Tato, Wujud Keindahan dan Simbol Perjalanan Suku Dayak
Seni dalam makna populis identik dengan keindahan. Seni dapat menghadirkan kekaguman dari makna yang dimilikinya. Mampu berperan sebagai media komunikasi dalam bentuk karya pemberi pesan. Salah satu wujud seni yang digemari adalah seni gambar. Seni dengan estetika yang melukiskan wujud objek dalam tafsiran indra manusia. Seni Gambar Tato, salah satu di antaranya.
Setiap zaman melahirkan kontruksi tubuhnya masing-masing. Tato dalam perkembangannya telah melahirkan berbagai pengertian dan makna yang berbeda-beda. Melihat orang dengan tubuh bertato bagi sebagian orang merupakan sebuah hal yang tidak wajar atau tabu. Tato yang sebelumnya diasosiasikan dengan dunia kejahatan atau premanisme, namun kini mulai digemari oleh berbagai kalangan baik itu laki-laki maupun perempuan sebagai bagian karya seni tubuh yang indah.
Tato atau tattoo, berasal dari bahasa Tahiti “tatu” yang artinya tanda. Walaupun bukti-bukti sejarah tato ini tidak begitu banyak, tetapi para ahli mengambil kesimpulan bahwa seni tato ini sudah ada sejak 12.000 tahun sebelum Masehi. Dahulu, tato menjadi semacam ritual bagi suku-suku kuno seperti Maori, Inca, Ainu, Polynesians, dan suku-suku lain-lainnya. Tato sangatlah identik dengan makna tertentu yang digunakan oleh suku-suku kuno untuk berkomunikasi dengan kelompoknya. Ada yang menggunakannya sebagai penanda strata kelompok maupun tanda bagi keturunan, status sosial, wujud ritual tertentu dan lain-lain.
Budaya Nusantara Indonesia, dalam sistem budaya yang sangat beragam dan berbeda-beda sudah sejak lama dikenal seni tato. Tato digunakan oleh berbagai kelompok suku di Indonesia dengan simbol-simbol tertentu. Salah satu di antaranya ialah pesona keindahan tato dari Suku Dayak yang tersebar di berbagai daerah di Kalimantan. Walaupun tidak semua sub Suku Dayak mengenal tradisi tato, namun tato telah dianggap bagian dari identitas Suku Dayak.
Tato bagi sebagian Suku Dayak merupakan hal yang tidak terpisahkan dari tubuh mereka. Tato memiliki makna dan filosofi yang sakral dengan garis perjalanan budaya suku. Tato bukan hanya sekedar lukisan pada tubuh, namun merupakan bagian dari tradisi religi, status sosial dalam masyarakat, serta sebagai salah satu bentuk penghargaan suku terhadap kemampuan seseorang dalam suku Dayak.
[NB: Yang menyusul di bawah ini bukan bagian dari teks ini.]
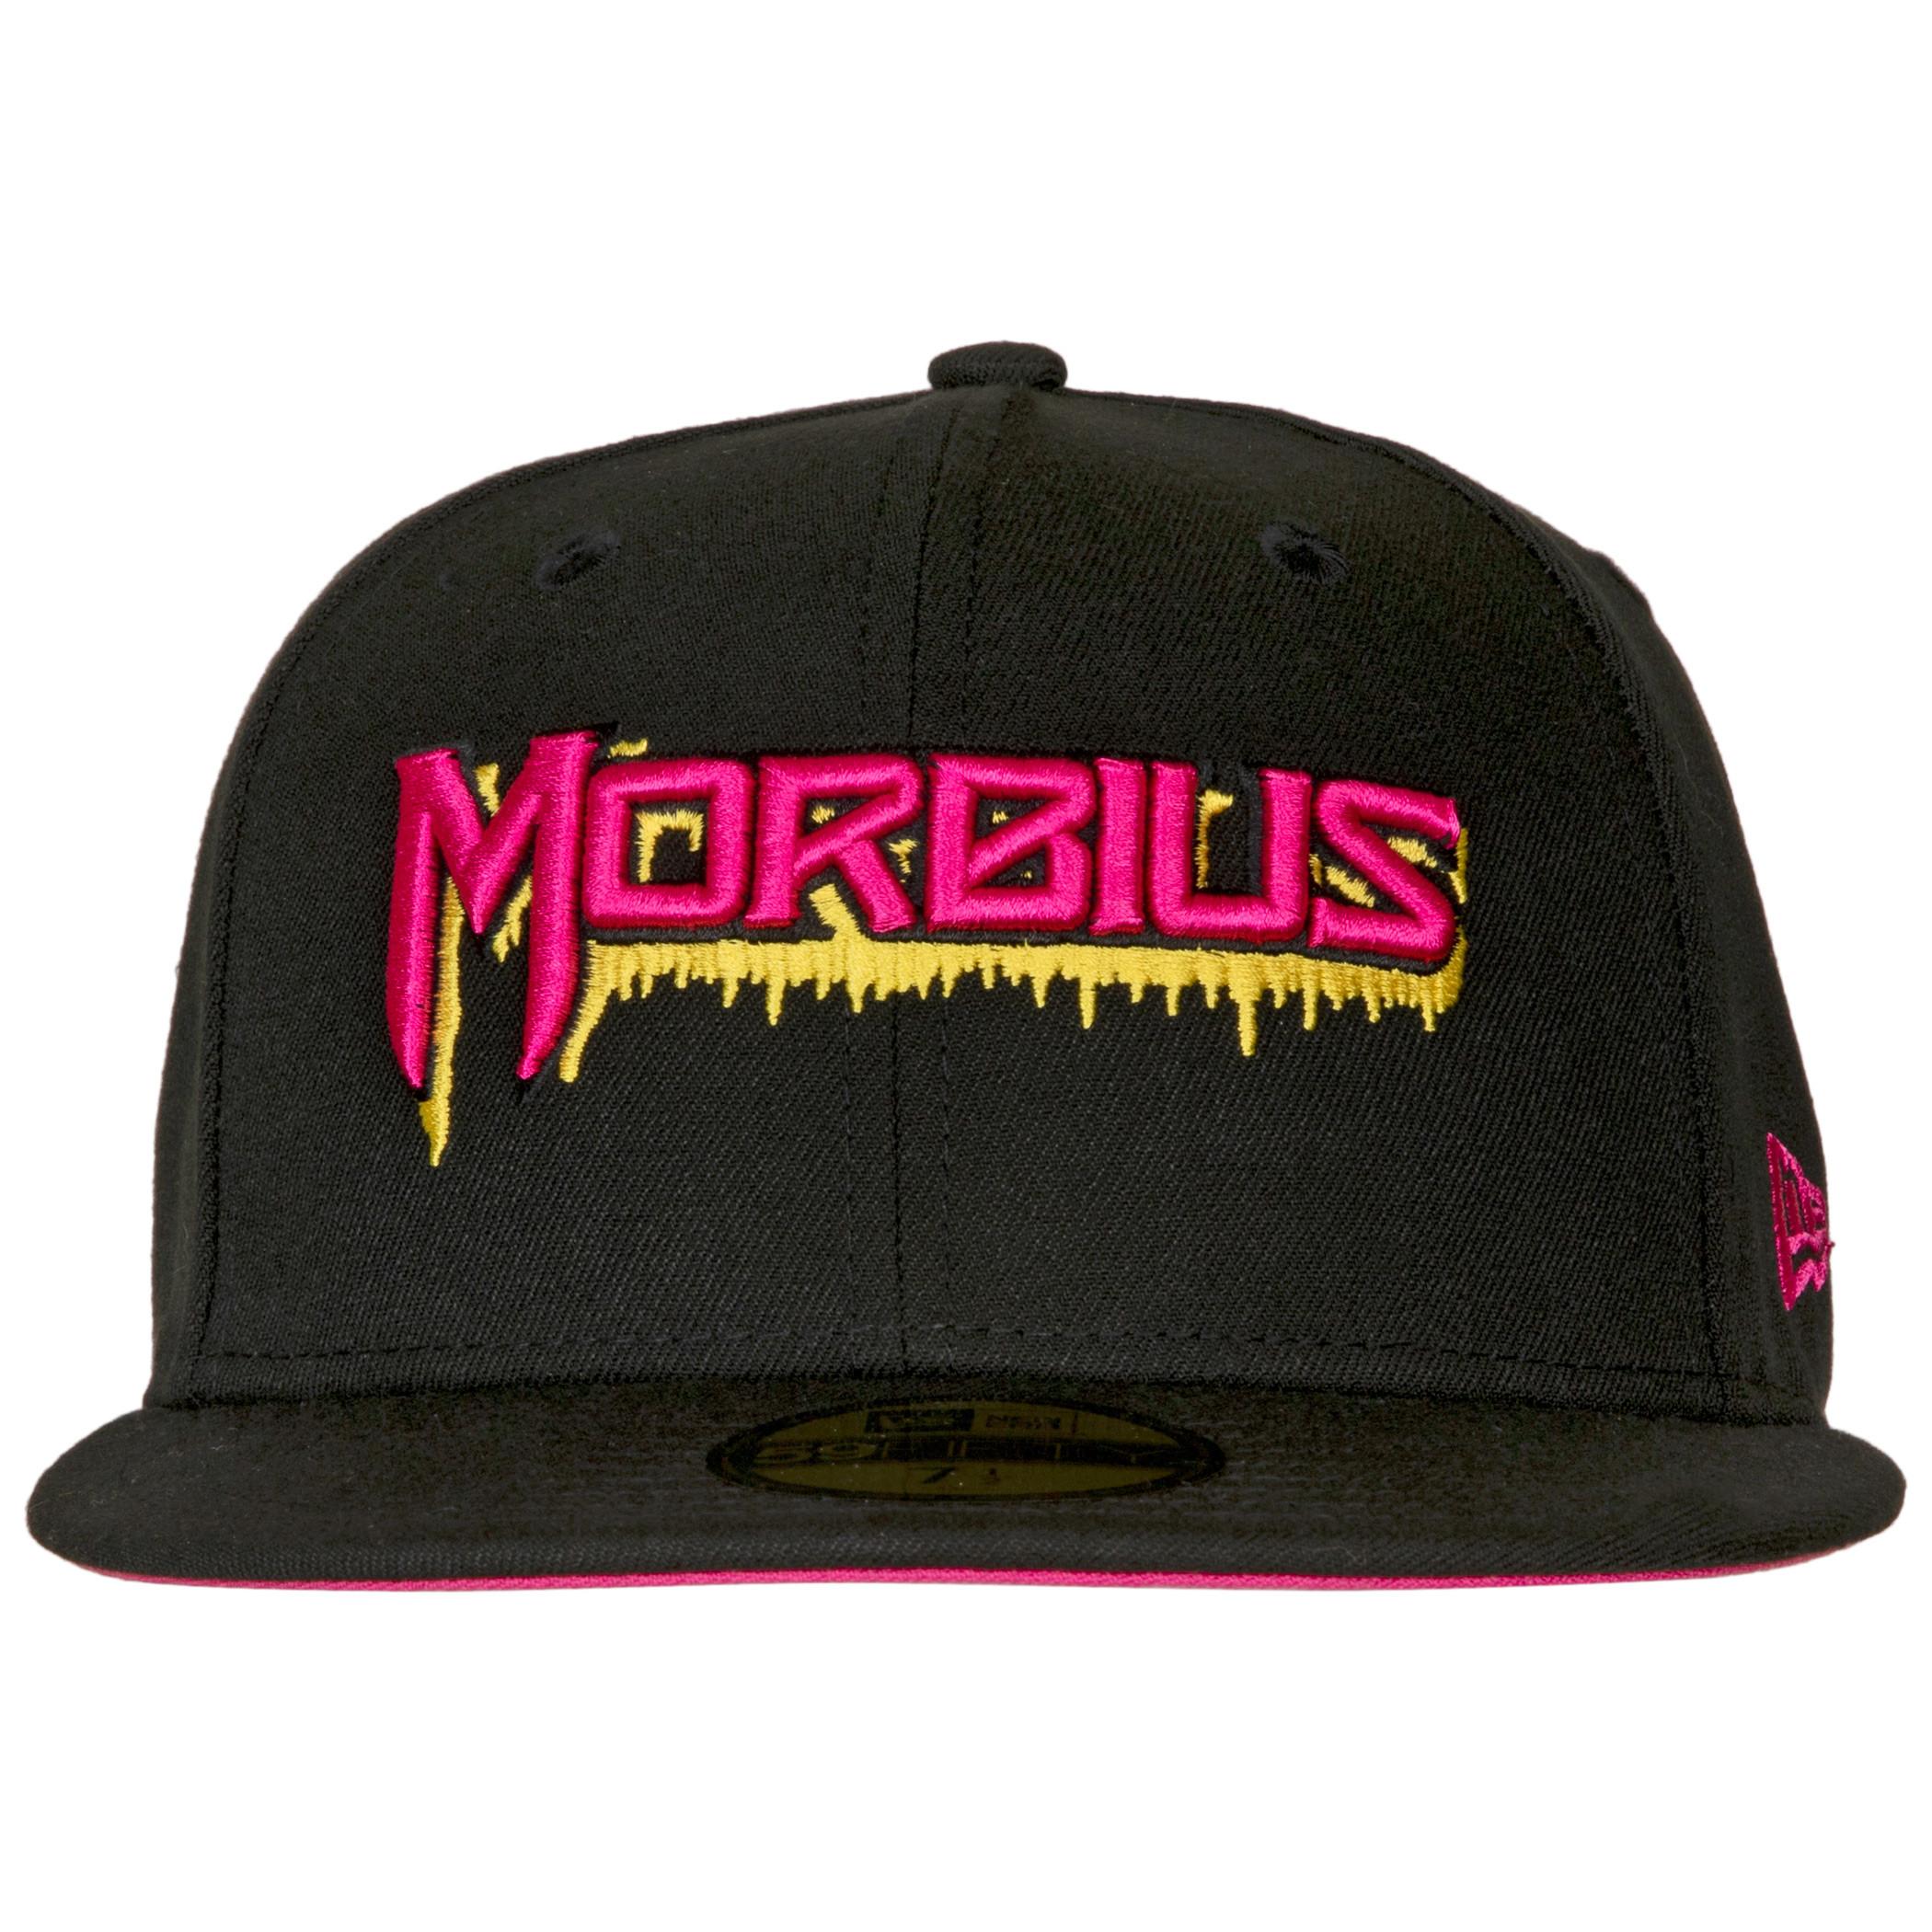 Morbius The Living Vampire Bleeding Logo New Era 59Fifty Fitted Hat

Secara makna religius, tato atau rajah bagi masyarakat Suku Dayak mempunyai makna sebagai obor atau penerang jalan dalam menuju keabadian setelah proses kematian. Menurut kepercayaan, tato berwarna hitam yang terdapat pada Suku Dayak perlahan akan berubah menjadi warna emas. Oleh karena itu, semakin banyak tato yang terdapat di tubuh seseorang maka semakin teranglah jalan menuju alam keabadian itu.
Pembuatan tato dalam tradisi Suku Dayak tidaklah sembarangan. Terdapat aturan-aturan yang harus dipatuhi hingga motif yang memiliki makna tertentu. Tato pada Suku Dayak disebut “tutang”, setiap motif tato memiliki arti berbeda-beda, orang di Suku Dayak tidak boleh memilih motif tato keinginannya sendiri, karena sebelumnya terdapat aturan dari adat Suku Dayak. Ketika proses pembuatan tato dilakukan, para keluarga biasanya dilarang untuk keluar dari rumah agar tidak terjadi sesuatu yang buruk menimpa pemilik tato.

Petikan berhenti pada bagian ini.